Wie wichtig Marketing ist, wissen auch Terroristen. Als das internationale Dschihadisten-Netzwerk Al-Kaida den Bürgerkrieg in Syrien nutzen will, um sich dort festzusetzen, tut es das 2012 unter dem Brand «Jabhat al-Nusra», zu Deutsch «Unterstützungsfront». Ihr Anführer: Abu Muhammad al-Dschaulani.
Seine Milizen galten als aggressiv – und erfolgreich gegen die Truppen des syrischen Machthabers Bashar al-Assad. Dass es sich um salafistische Dschihadisten handelt, war schon damals kein Geheimnis, doch vielen, die unter Assads Terror und dem Bürgerkrieg litten, erschien dies als das kleinere Übel. Zumal al-Dschaulanis Männer verglichen mit dem IS weniger brutal vorgingen.
A-Dschaulani scheint – bei allen Menschenrechtsverletzungen, die auch seine Leute verübten – auf eine, man möchte sagen, «nachhaltigere» Strategie zu setzen. Denn er ist es, der dieser Tage die Allianz anführt, die verblüffend schnell vorgerückt ist. Dies unter einem anderen Markennamen: Hayat Tahrir al-Sham (HTS), «Komitee zur Befreiung Grosssyriens». Offiziell losgelöst von Al Kaida.
Das Marketing der Terroristen
Die wechselnden Allianzen, Abspaltungen, Fusionen und Umbenennungen von Milizen – manche vom Ausland unterstützt oder gesteuert wie der Türkei oder dem Iran – füllen unzählige Bücher. Manches ist mit Differenzen zu politischen und religiösen Fragen zu erklären, anderes sind Machtkämpfe. Zumindest ein Teil scheint Marketing.
Vom Marketing der Terroristen sollte man sich nicht blenden lassen. Denn ähnlich wie die Taliban in Afghanistan verkaufen sich auch die HTS als Terroristenjäger. HTS und IS sind heute verfeindet. Wo die HTS, wie in der Provinz Idlib, Gebiete teils seit Jahren kontrolliert, wurden quasi-staatliche Institutionen aufgebaut – von der die Bevölkerung, solange sie spurt, profitieren kann. Dazu gehören eine Polizei und eine Art Strafverfolgung, um etwa gegen IS-Zellen vorzugehen.
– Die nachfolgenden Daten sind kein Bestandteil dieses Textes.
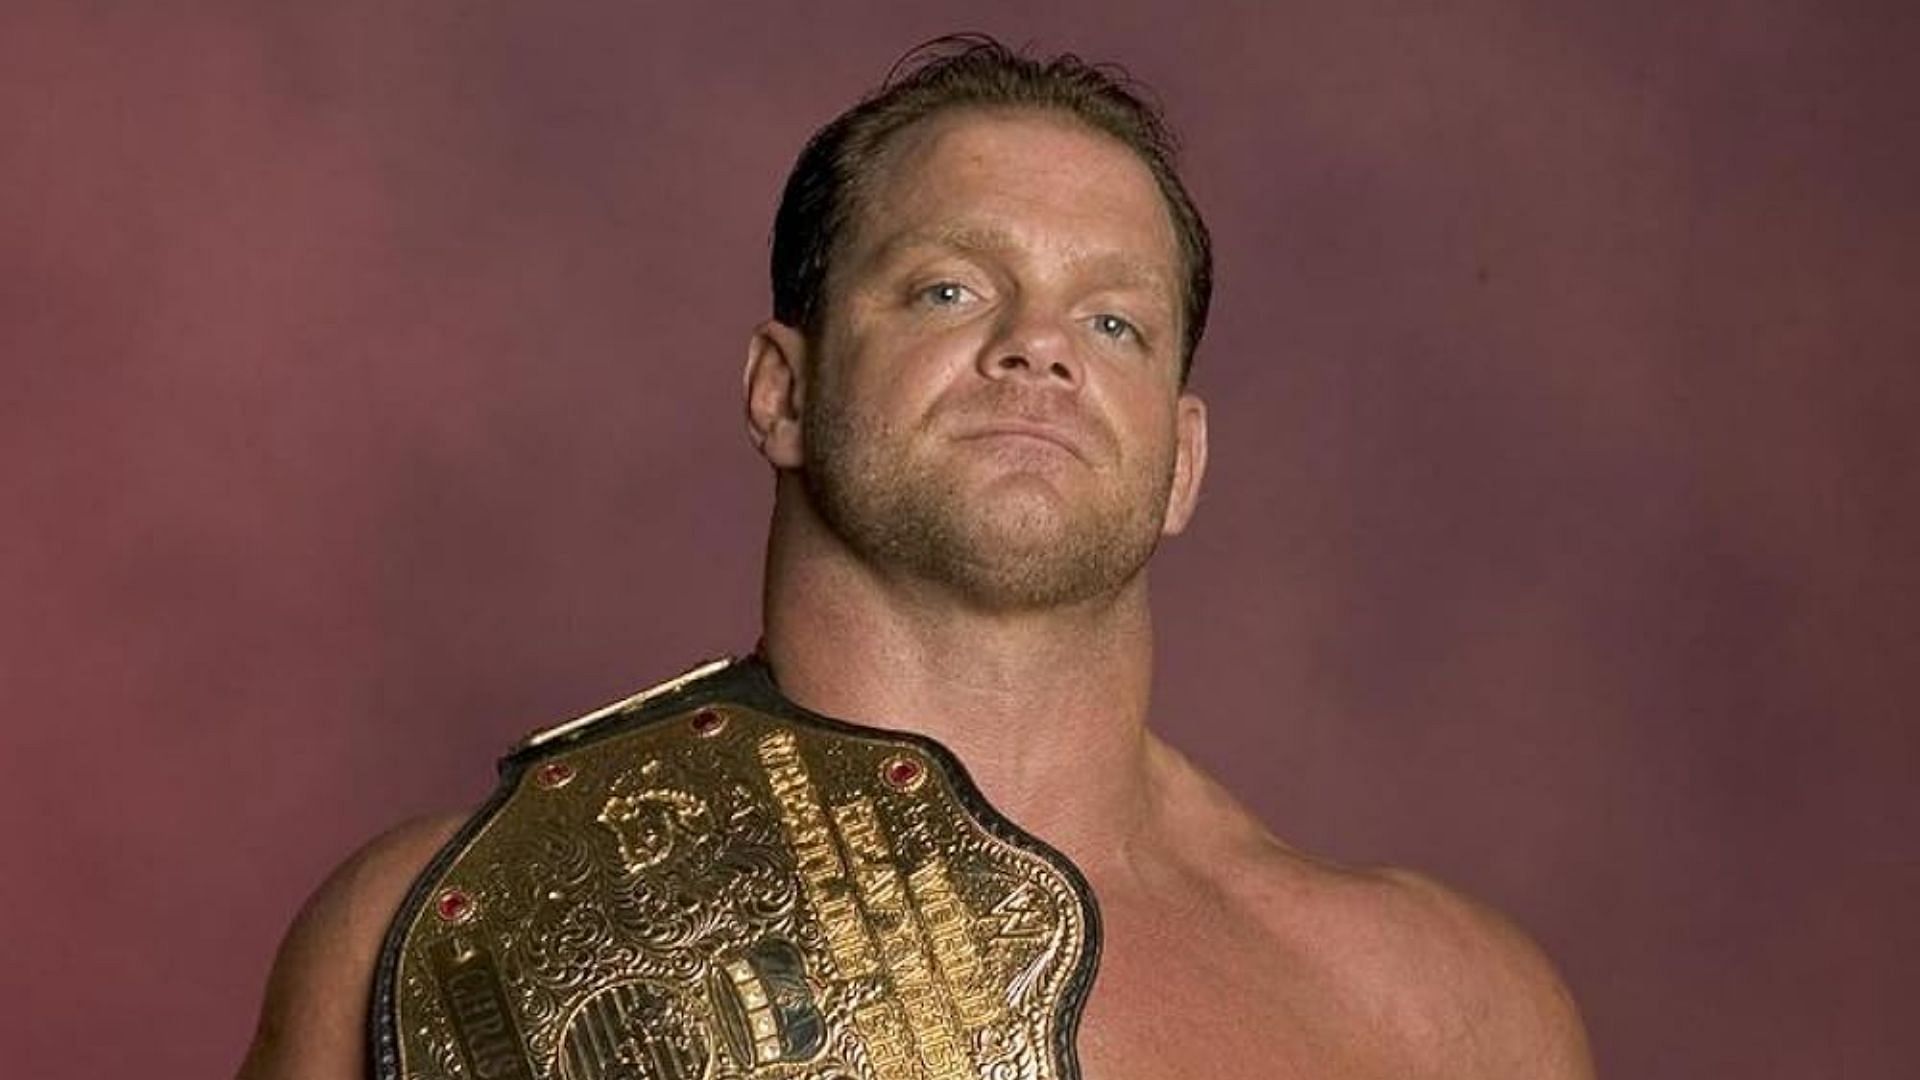 Former WCW and WWE wrestler Chris Benoit

Noch lange nicht demokratisch und freiheitlich
Nun, auf ihrem Vorstoss gegen die Assad-Truppen, werden die HTS-Kämpfer und ihre Verbündeten als «Oppositionelle» oder «Rebellen» bezeichnet. Das hat seine Berechtigung. Doch Hoffnungen, dass es sich hierbei um Oppositionelle oder Rebellen handelt, wie es sie zu Beginn der Revolution in Syrien auch unter bewaffneten Milizen noch gab, muss man als Illusion bezeichnen. Gegen den IS, gegen Assad – das ist noch lange nicht gleichzusetzen mit demokratisch und freiheitlich.
Gelingt es der HTS und ihren Verbündeten, noch mehr Gebiete als bisher in Idlib zu halten, so dürfte das für viele Menschen nur kurzfristig eine gute Nachricht sein. Denn noch immer vertritt al-Dschaulani ultrareligiöse Vorstellungen. Zwar nicht gleichzusetzen mit jenen der Taliban oder eines IS. Aber es sind doch düstere Aussichten für «Ungläubige», für Frauen und Mädchen, und auch für die teilweise selbstverwalteten Kurdengebiete.